Control mechanisms: Add points in the economy you can control so you can rebalance the game more easily
Depth and expansion: Consider balancing both horizontal expansion (owning and collecting stuff) and vertical expansion (upgrading and adding system depth)
How to optimally soft launch a mobile game in 2022
Nimrod Levy, Google Play; Matej Lancaric, user acquisition consultant
- Levy described a new era for pre-launching games in which developers engage in earlier external testing, open up more soft launch markets and test retention over longer periods
- He plugged Google’s Open Beta Testing and Production Testing programs, which allow developers to put their game out in specific regions and cap the number of installs
- Levy emphasised that pre-reg games get a head-start on reviews and faster charting
- On store listing optimisation, Levy advised devs to include at least 3 landscape screenshots and a promo video of up to 30 seconds, because that’s what Google looks for when featuring
- Levy also said that not enough developers are testing and optimising store listings before launch
- He also urged developers to use Google’s managed publishing and stage rollout features to keep launches smooth and predictable
- Just punting your game out in Canada and Australia are not the way to go any more. Instead, you can ask Google’s team to calculate a market similarity index that uses geography, genre and monetisation trends to identify the best soft launch market for your game
Matej Lancaric’s soft launch dos and don’ts:
- Soft launch app store optimisation can have real impact, pushing conversion rates up significantly after some simple icon A/B testing
- Developers should use at least three UA channels from Google, Facebook, Unity, Applovin, TikTok, IronSource, Twitter and Liftoff, then benchmark them against each other
- Think about UA strategy as it relates to the game’s genre. PvP games require the most countries, UA channels and continuous spend. Non-PVP games are naturally less demanding, and hypercasual games are fairly light in this regard.
Fireside chat: approaching P2E from a F2P background
Anton Backman, Play Ventures: Ryan Foo, Delphi Digital; Javier Barnes, King; Shafaf Bar-Geffen, COTI Group
Barnes questioned how developers extract value and income from a play to earn game – with F2P you get a cheque from Apple and Google at the end of the month, but with play to earn the developer proposition is a lot more complex.
Shahaf Bar-Geffen countered that the developer can get income from NFT sales, and that the game economy becomes self-fulfilling as its grows, so the developer can extract crypto and convert into ‘real’ FIAT money, with which you can play people’s wages over the long term.

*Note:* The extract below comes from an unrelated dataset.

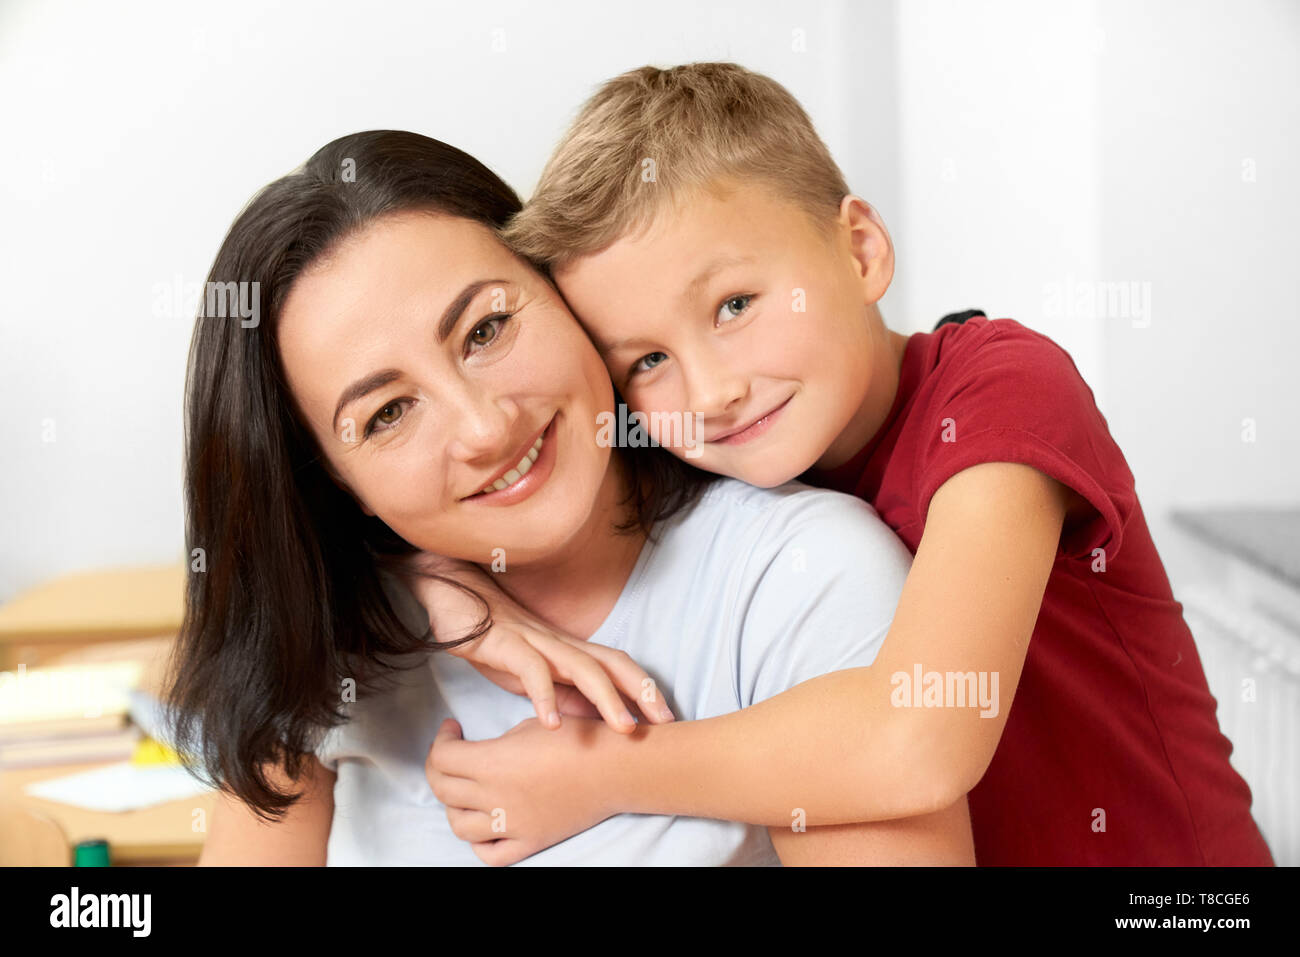 Ritratto di felice, allegro scolaro e sua madre in posa di classe. Bel bambino in piedi, abbracciando la mamma, sorridente, guardando la fotocamera. Concetto di famiglia. Foto Stock
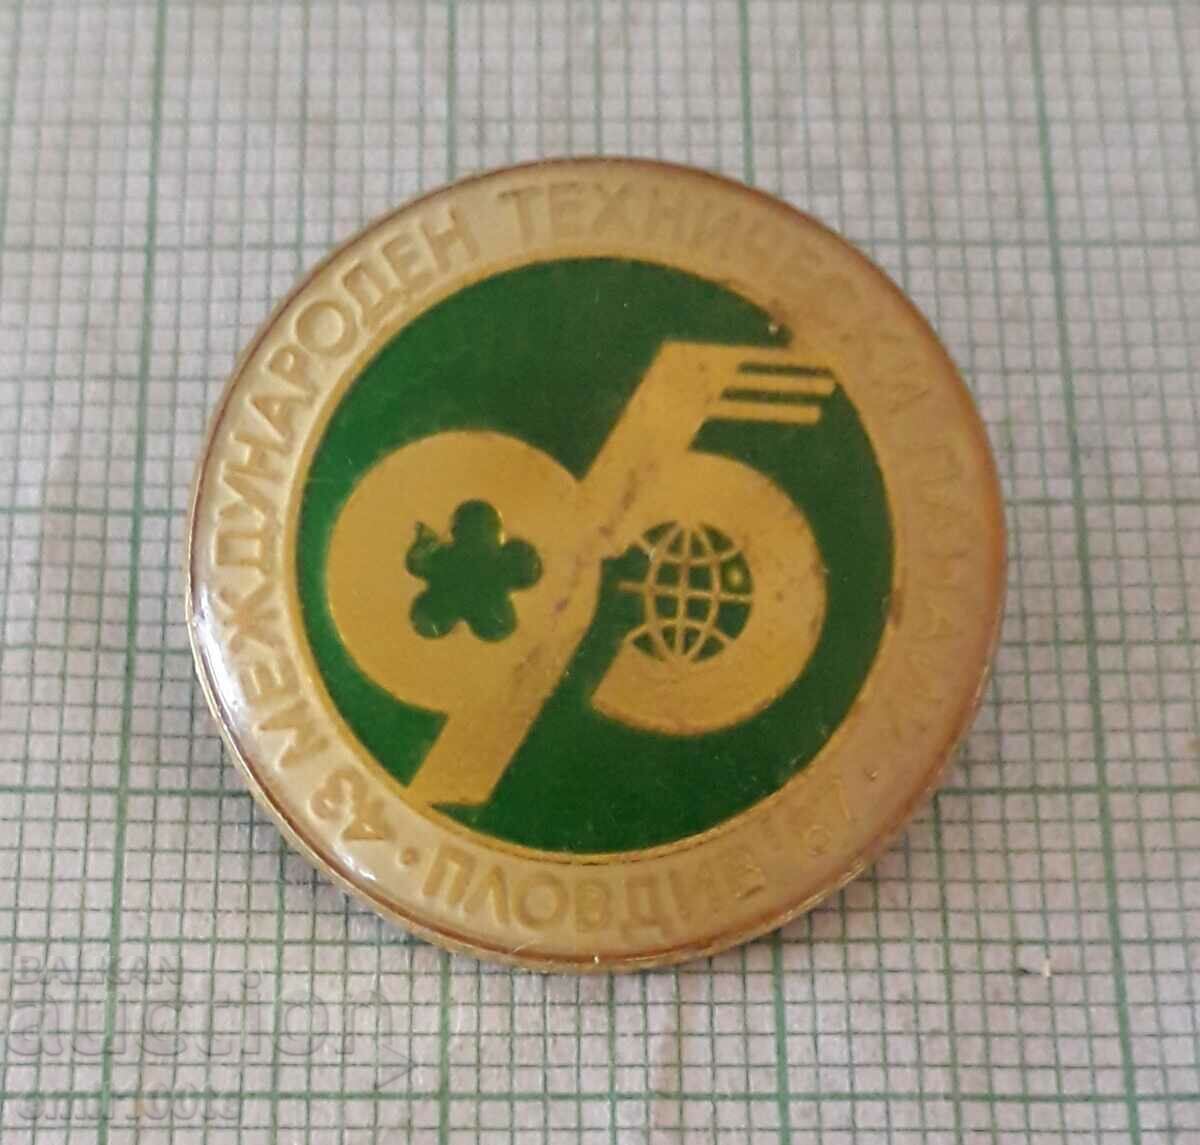 Badge - International Technical Fair Plovdiv 1987

Barnes also stated the difference between free-to-play, where the game developer has a direct economic relationship with the player, and crypto, where the game developer does not control player-to-player transactions. Losing that control and allowing players to regulate economies themselves could lead to problems and uncertainty.
Foo talked about decentralised development – the idea that player communities could, for example, make the game’s music and mint it as an NFT, or design game elements and mint those and see value added to their wallet. But solid examples of this happening were not clear.
Backman wrapped up by saying it is super early days in this space and play to earn was a blank slate right now for developers.